From the first line through the line containing "Футболка Emporio Armani", transcribe the records exactly and include no other lines.

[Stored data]
####################
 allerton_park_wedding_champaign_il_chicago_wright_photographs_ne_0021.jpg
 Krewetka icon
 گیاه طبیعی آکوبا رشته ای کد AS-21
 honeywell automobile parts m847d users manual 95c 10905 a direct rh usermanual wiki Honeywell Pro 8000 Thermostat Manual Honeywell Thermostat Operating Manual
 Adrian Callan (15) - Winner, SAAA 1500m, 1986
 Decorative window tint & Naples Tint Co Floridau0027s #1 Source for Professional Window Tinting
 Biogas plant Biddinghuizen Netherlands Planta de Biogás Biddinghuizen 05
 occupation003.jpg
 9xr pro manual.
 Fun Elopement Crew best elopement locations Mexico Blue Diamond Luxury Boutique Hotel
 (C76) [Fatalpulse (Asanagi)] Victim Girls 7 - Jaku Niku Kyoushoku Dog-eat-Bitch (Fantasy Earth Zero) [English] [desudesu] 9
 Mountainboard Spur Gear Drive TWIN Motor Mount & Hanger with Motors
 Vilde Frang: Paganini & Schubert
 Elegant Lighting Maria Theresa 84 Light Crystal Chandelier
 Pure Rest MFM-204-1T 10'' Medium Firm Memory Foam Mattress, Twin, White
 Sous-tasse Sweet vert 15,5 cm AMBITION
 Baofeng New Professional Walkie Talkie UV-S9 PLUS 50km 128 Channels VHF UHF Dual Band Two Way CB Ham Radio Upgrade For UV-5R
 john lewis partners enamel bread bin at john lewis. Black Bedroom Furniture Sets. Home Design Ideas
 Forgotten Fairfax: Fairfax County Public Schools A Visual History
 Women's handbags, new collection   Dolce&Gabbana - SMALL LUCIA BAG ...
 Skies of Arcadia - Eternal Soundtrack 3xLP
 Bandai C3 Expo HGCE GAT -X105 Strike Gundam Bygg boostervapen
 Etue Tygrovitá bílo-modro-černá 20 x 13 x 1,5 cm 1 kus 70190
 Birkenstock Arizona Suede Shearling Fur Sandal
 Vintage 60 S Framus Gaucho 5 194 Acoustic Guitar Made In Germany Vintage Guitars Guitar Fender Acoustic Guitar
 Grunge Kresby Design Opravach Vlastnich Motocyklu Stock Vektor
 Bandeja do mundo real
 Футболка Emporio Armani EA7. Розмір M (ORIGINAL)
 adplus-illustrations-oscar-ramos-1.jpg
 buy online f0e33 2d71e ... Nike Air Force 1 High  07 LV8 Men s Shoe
####################
◆ **Output for this exercise**:
 allerton_park_wedding_champaign_il_chicago_wright_photographs_ne_0021.jpg
 Krewetka icon
 گیاه طبیعی آکوبا رشته ای کد AS-21
 honeywell automobile parts m847d users manual 95c 10905 a direct rh usermanual wiki Honeywell Pro 8000 Thermostat Manual Honeywell Thermostat Operating Manual
 Adrian Callan (15) - Winner, SAAA 1500m, 1986
 Decorative window tint & Naples Tint Co Floridau0027s #1 Source for Professional Window Tinting
 Biogas plant Biddinghuizen Netherlands Planta de Biogás Biddinghuizen 05
 occupation003.jpg
 9xr pro manual.
 Fun Elopement Crew best elopement locations Mexico Blue Diamond Luxury Boutique Hotel
 (C76) [Fatalpulse (Asanagi)] Victim Girls 7 - Jaku Niku Kyoushoku Dog-eat-Bitch (Fantasy Earth Zero) [English] [desudesu] 9
 Mountainboard Spur Gear Drive TWIN Motor Mount & Hanger with Motors
 Vilde Frang: Paganini & Schubert
 Elegant Lighting Maria Theresa 84 Light Crystal Chandelier
 Pure Rest MFM-204-1T 10'' Medium Firm Memory Foam Mattress, Twin, White
 Sous-tasse Sweet vert 15,5 cm AMBITION
 Baofeng New Professional Walkie Talkie UV-S9 PLUS 50km 128 Channels VHF UHF Dual Band Two Way CB Ham Radio Upgrade For UV-5R
 john lewis partners enamel bread bin at john lewis. Black Bedroom Furniture Sets. Home Design Ideas
 Forgotten Fairfax: Fairfax County Public Schools A Visual History
 Women's handbags, new collection   Dolce&Gabbana - SMALL LUCIA BAG ...
 Skies of Arcadia - Eternal Soundtrack 3xLP
 Bandai C3 Expo HGCE GAT -X105 Strike Gundam Bygg boostervapen
 Etue Tygrovitá bílo-modro-černá 20 x 13 x 1,5 cm 1 kus 70190
 Birkenstock Arizona Suede Shearling Fur Sandal
 Vintage 60 S Framus Gaucho 5 194 Acoustic Guitar Made In Germany Vintage Guitars Guitar Fender Acoustic Guitar
 Grunge Kresby Design Opravach Vlastnich Motocyklu Stock Vektor
 Bandeja do mundo real
 Футболка Emporio Armani EA7. Розмір M (ORIGINAL)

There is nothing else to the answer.